_Recorded information_.
BEGIN
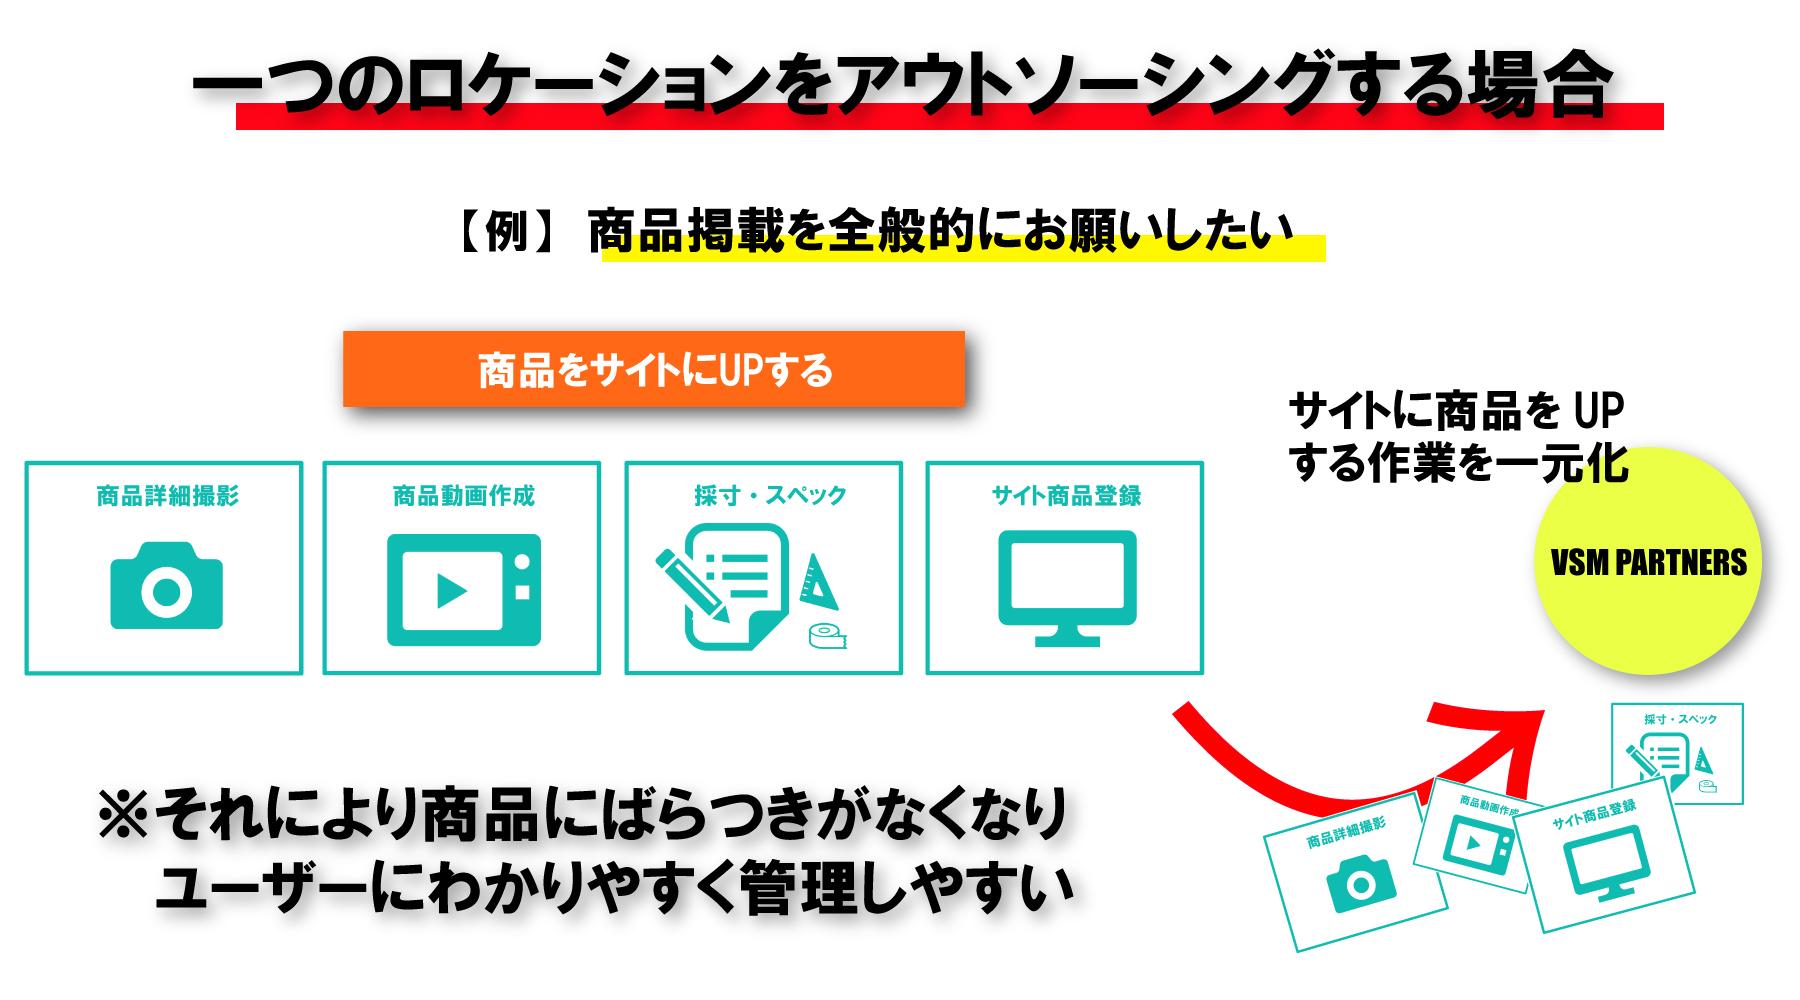 一つのロケーションをアウトソーシングする場合。商品掲載全般的にお願いしたい。それにより商品にばらつきがなくなりユーザーにわかりやすく管理しやすい。サイトに商品をUPする作業を一元化。
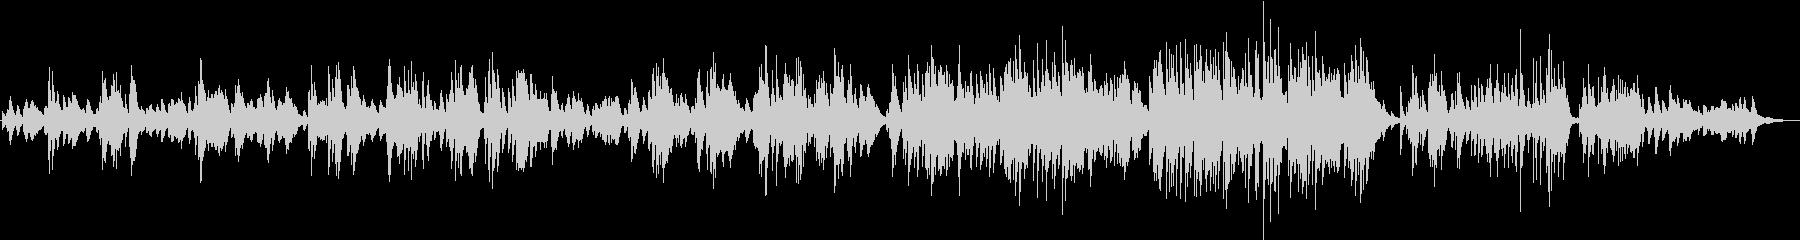 ロンドンデリーの歌のジャズピアノアレンジの未再生の波形
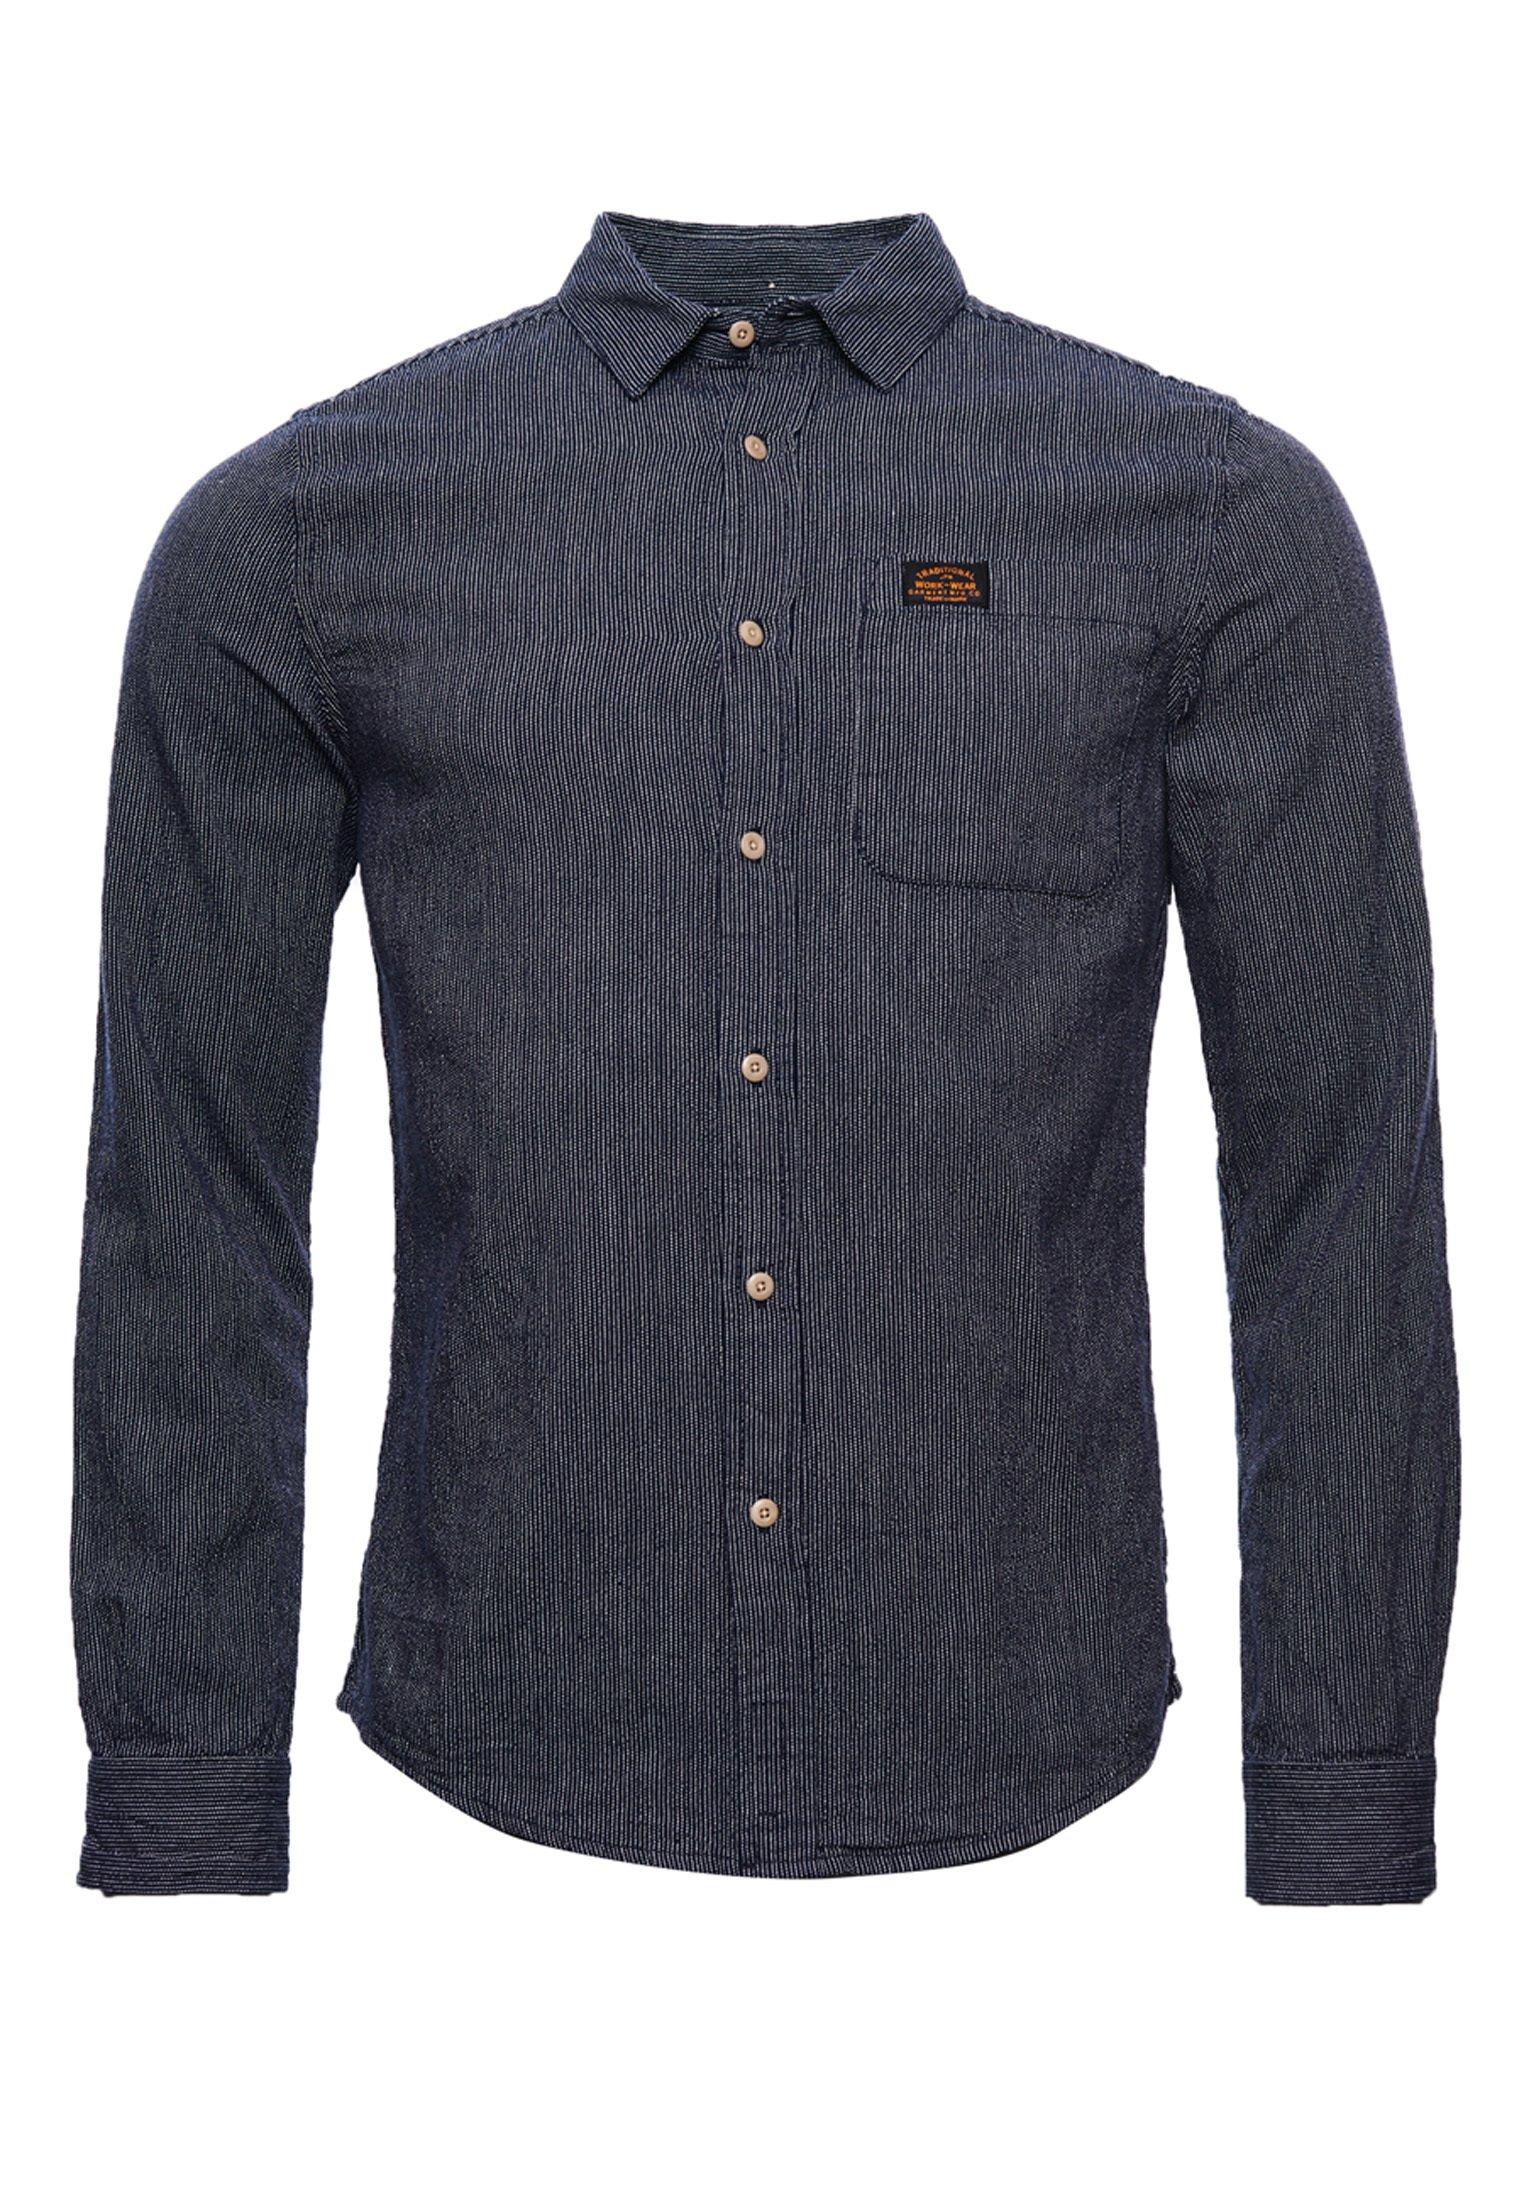 Superdry Hemden für Herren versandkostenfrei online   ZALANDO
END
_Your assignment_. Could the listing above be transcribed exactly, with the pictures left out?

_Solution below_.
 一つのロケーションをアウトソーシングする場合。商品掲載全般的にお願いしたい。それにより商品にばらつきがなくなりユーザーにわかりやすく管理しやすい。サイトに商品をUPする作業を一元化。
 ロンドンデリーの歌のジャズピアノアレンジの未再生の波形
 Superdry Hemden für Herren versandkostenfrei online   ZALANDO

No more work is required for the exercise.